Privacy Policy

Last updated: May 1, 2026

1. Introduction

AgentID ("we," "us," or "our") is committed to protecting your privacy. This Privacy Policy explains how we collect, use, disclose, and safeguard your information when you use our identity and access management service for AI agents (the "Service").

2. Information We Collect

2.1 Account Information

When you create an account, we collect your email address, company name, and password (hashed and salted). We do not store your raw password.

2.2 Agent Metadata

We store metadata about your AI agents, including agent names, creation dates, status (active/revoked), and configured scopes. This data is necessary to provide the Service.

2.3 Credentials

We store encrypted credentials (API keys, OAuth tokens, service account keys) on behalf of your agents. All credentials are encrypted at rest using AES-256 encryption.
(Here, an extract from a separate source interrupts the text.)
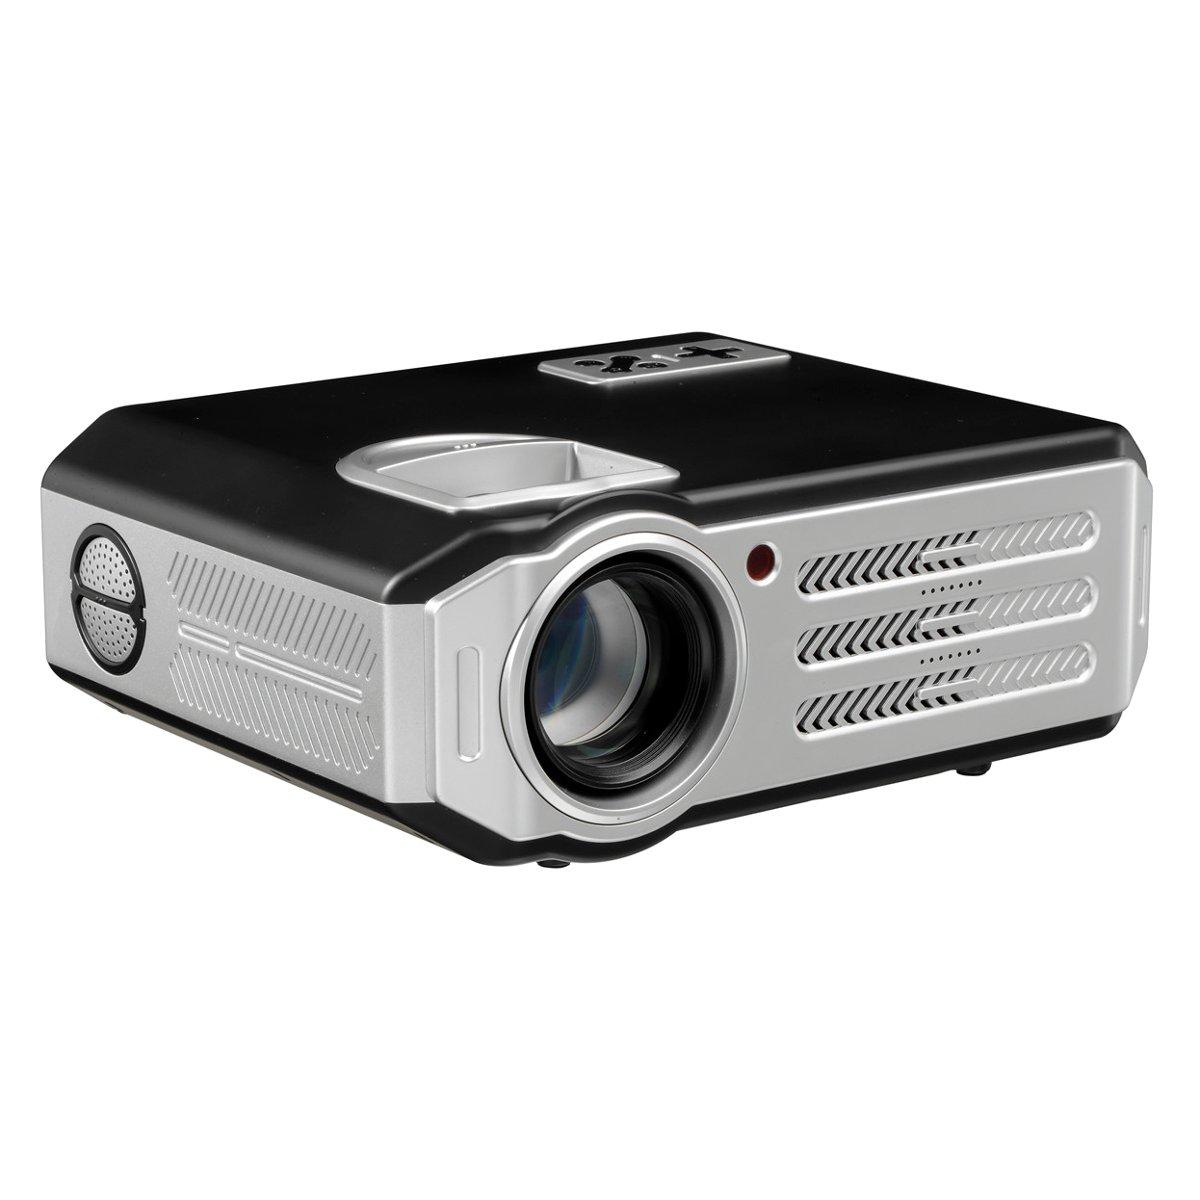 Projektor multimedialny LCD LED rzutnik Z6000 HDMI USB FullHD 50-180 cali + pilot

Per-tenant encryption keys are used for Business tier and above.

2.4 Audit Logs

We collect and store authentication events, including timestamps, agent identifiers, actions performed, resources accessed, IP addresses, and user agents. This data is retained according to your plan tier (7 days for Hobby, 90 days for Startup, 1 year for Business, unlimited for Enterprise).

2.5 Usage Data

We collect anonymized usage statistics to improve our Service, including authentication counts, feature usage, and performance metrics. This data is not linked to your identity.

3. How We Use Your Information

We use the information we collect to:

  • Provide, maintain, and improve the Service
  • Authenticate your agents and manage their credentials
  • Generate audit logs and provide visibility into agent activity
  • Respond to your support requests
  • Send you service-related communications (e.g., security alerts, feature updates)
  • Comply with legal obligations

4. Data Sharing and Disclosure

We do not sell your personal information. We may share your information in the following circumstances:

  • Service Providers: We engage third-party vendors to assist with hosting, infrastructure, and support. These vendors are contractually obligated to protect your data.
  • Legal Requirements: We may disclose information if required by law, subpoena, or legal process.
  • Business Transfers: In the event of a merger, acquisition, or sale of assets, your information may be transferred as part of the transaction.
  • With Your Consent: We may share information with your explicit consent.

5. Data Security

We implement industry-standard security measures to protect your information, including:

  • Encryption in transit (TLS 1.3) and at rest (AES-256)
  • Per-tenant encryption keys for Business tier and above
  • Regular security audits and penetration testing
  • SOC 2 Type II compliance (in progress)
  • Bug bounty program
  • Access controls and employee training

Despite our efforts, no method of transmission over the Internet is 100% secure. We cannot guarantee absolute security.

6. Data Retention

We retain your data for as long as your account is active. If you delete your account, we will delete your personal information within 30 days, except where we are required to retain it for legal or compliance purposes.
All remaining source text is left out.